● **Goal of the exercise**
Every record below should be repeated exactly. Omit the pictures.

Stored items from a collection:
=-=-=-=-=
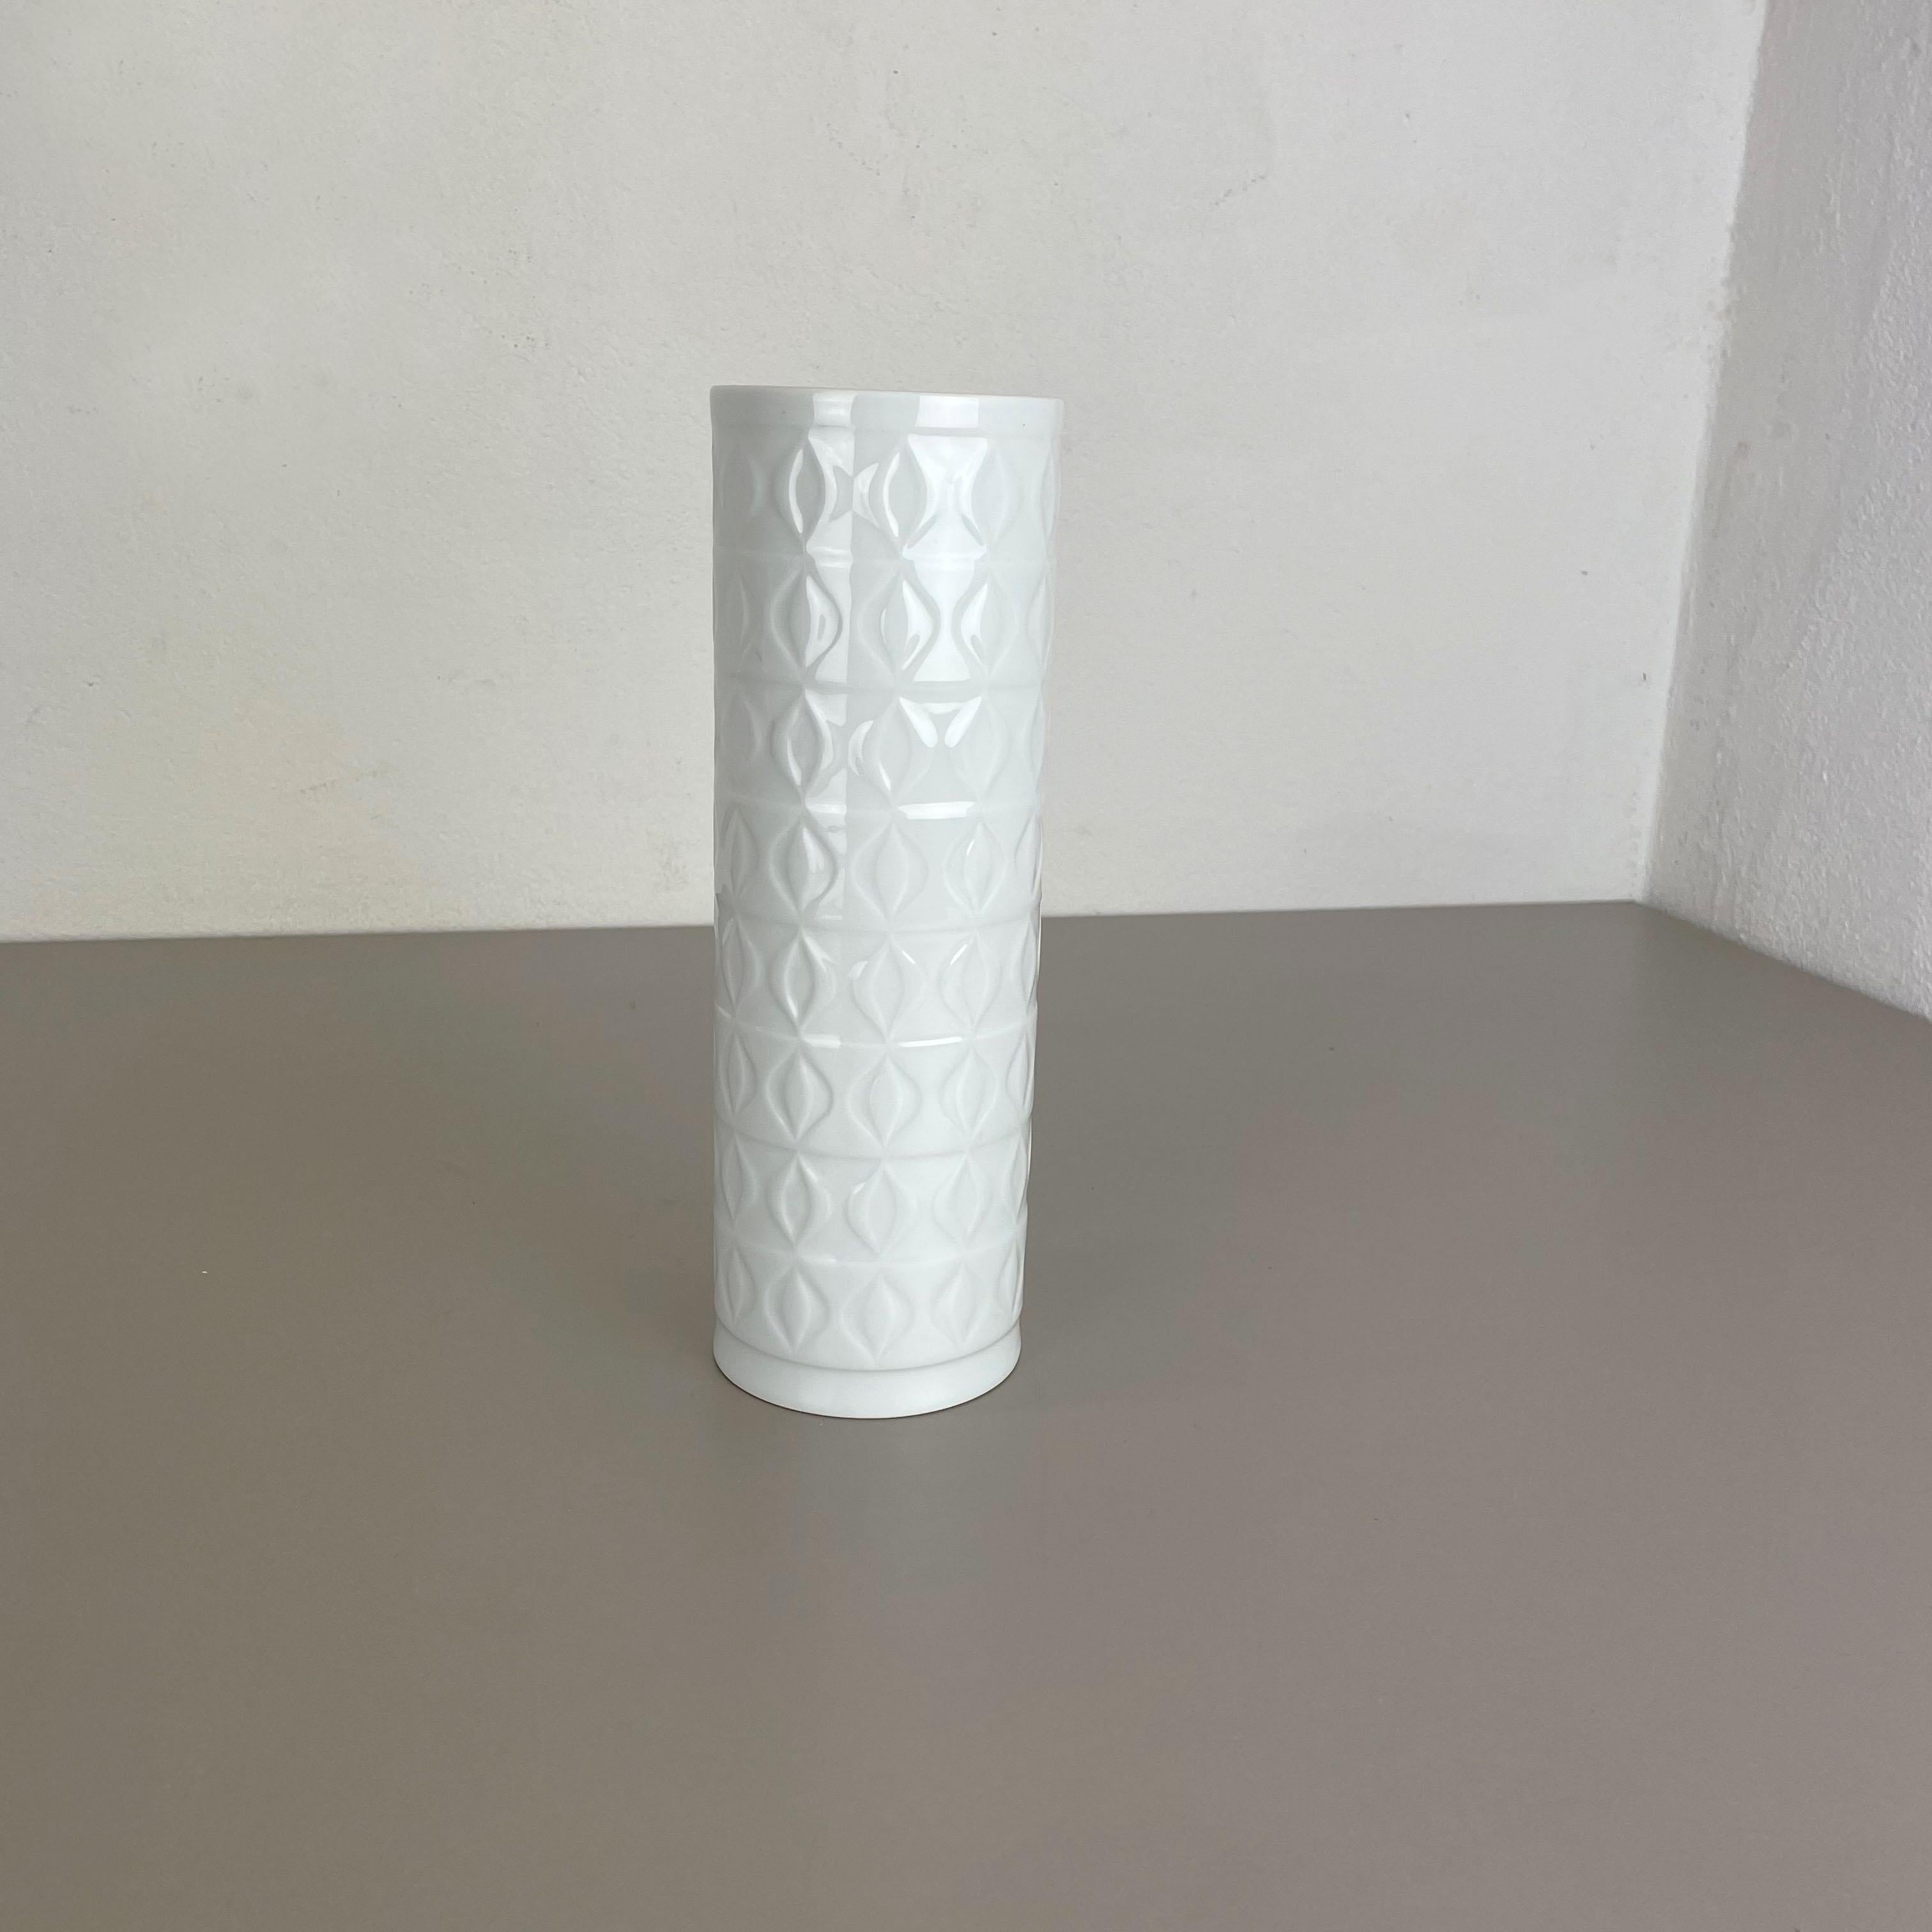 Article :

Vase en porcelaine Op Art


Producteur :

AK Kaiser, Allemagne


Description :

Ce vase OP Art vintage original a été produit dans les années 1970 en Allemagne. Il est fabriqué en porcelaine avec une surface optique
=-=-=-=-=
● **Exercise answer**
 Article :

Vase en porcelaine Op Art


Producteur :

AK Kaiser, Allemagne


Description :

Ce vase OP Art vintage original a été produit dans les années 1970 en Allemagne. Il est fabriqué en porcelaine avec une surface optique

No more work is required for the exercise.